I felt it this morning—the old year dying, making way for the new. At 7am in Melbourne it was dark, and cold, and wet. If it weren’t for my commitments to others I could have easily spent the day in bed. (Staring out the window and dozing. Reading comfort fiction and dozing some more…) Instead here I am, halfway through a moderately productive Solstice eve, sitting down to acknowledge where I’ve been over the past 12 months, and to envision where I’m going.
My thoughts this day are framed by Cal Newport’s Deep Work: Rules for Focussed Success in a Distracted World. I’m halfway through the book, and feeling inspired by the obvious love Newport has for the matter of concentration of attention as a practice for living. Deep Work is articulate, and meticulously structured, and it rings true to my 20 years experience in knowledge work that included roles both as ‘thinker’ and ‘manager’. It also speaks to my experiences as a craftsperson and as a long time practitioner in a meditation tradition that upholds the value of periodic silent retreat.

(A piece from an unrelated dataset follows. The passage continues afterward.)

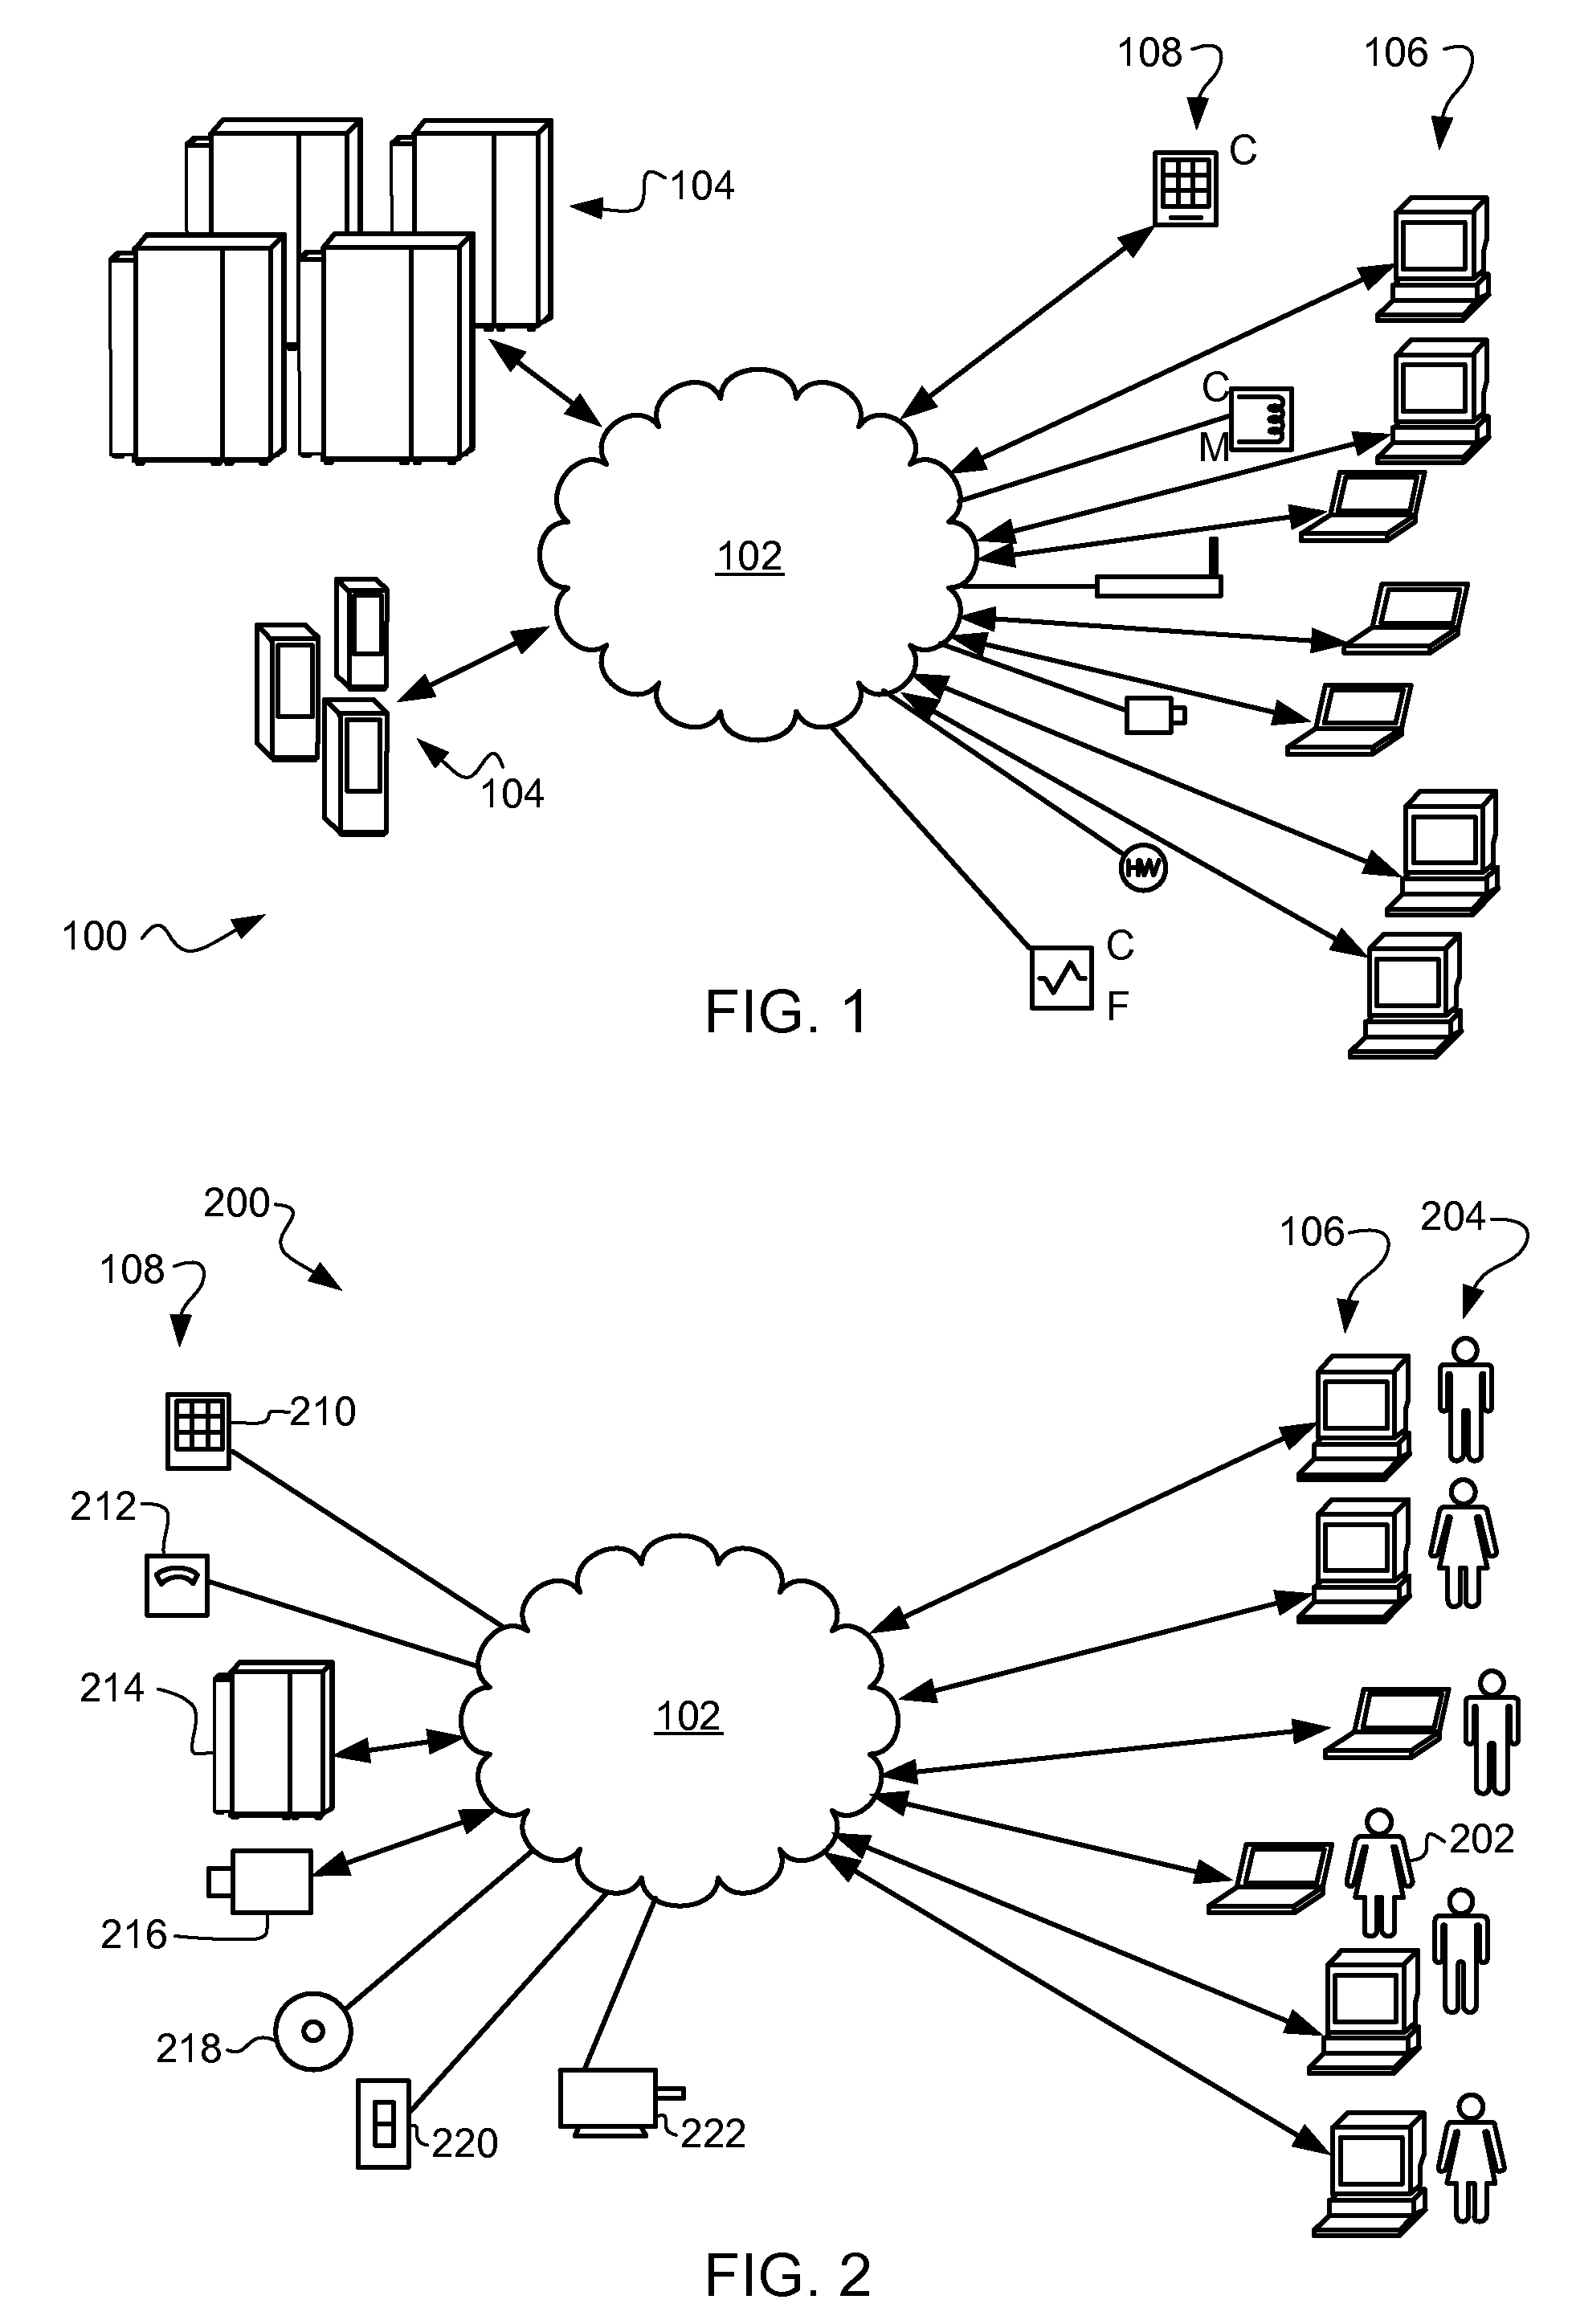 Device social-control system

After years of wallowing in the distractions of early parenting—feeling like a milquetoast intellectual—Deep Work is just what I need. It reminds me, most eloquently, that concentration is a muscle. Flabby concentration isn’t good for much, but it can be trained. The trick is to come up with the right training plan, and to stick to it.
I’ve read Amazon reviews of Deep Work that claim Newport spends too much time faffing around with theory and anecdotes, and that he fails to come up with a quick and dirty cheatsheet for how to be successful. These reviewers have missed the point. There is no way to cheat on this. Newport’s message is uncompromising. It’s also the message I need right now.
Happy Solstice everyone. May your coming year be filled with intelligent perseverance, and with the satisfactions of work well done.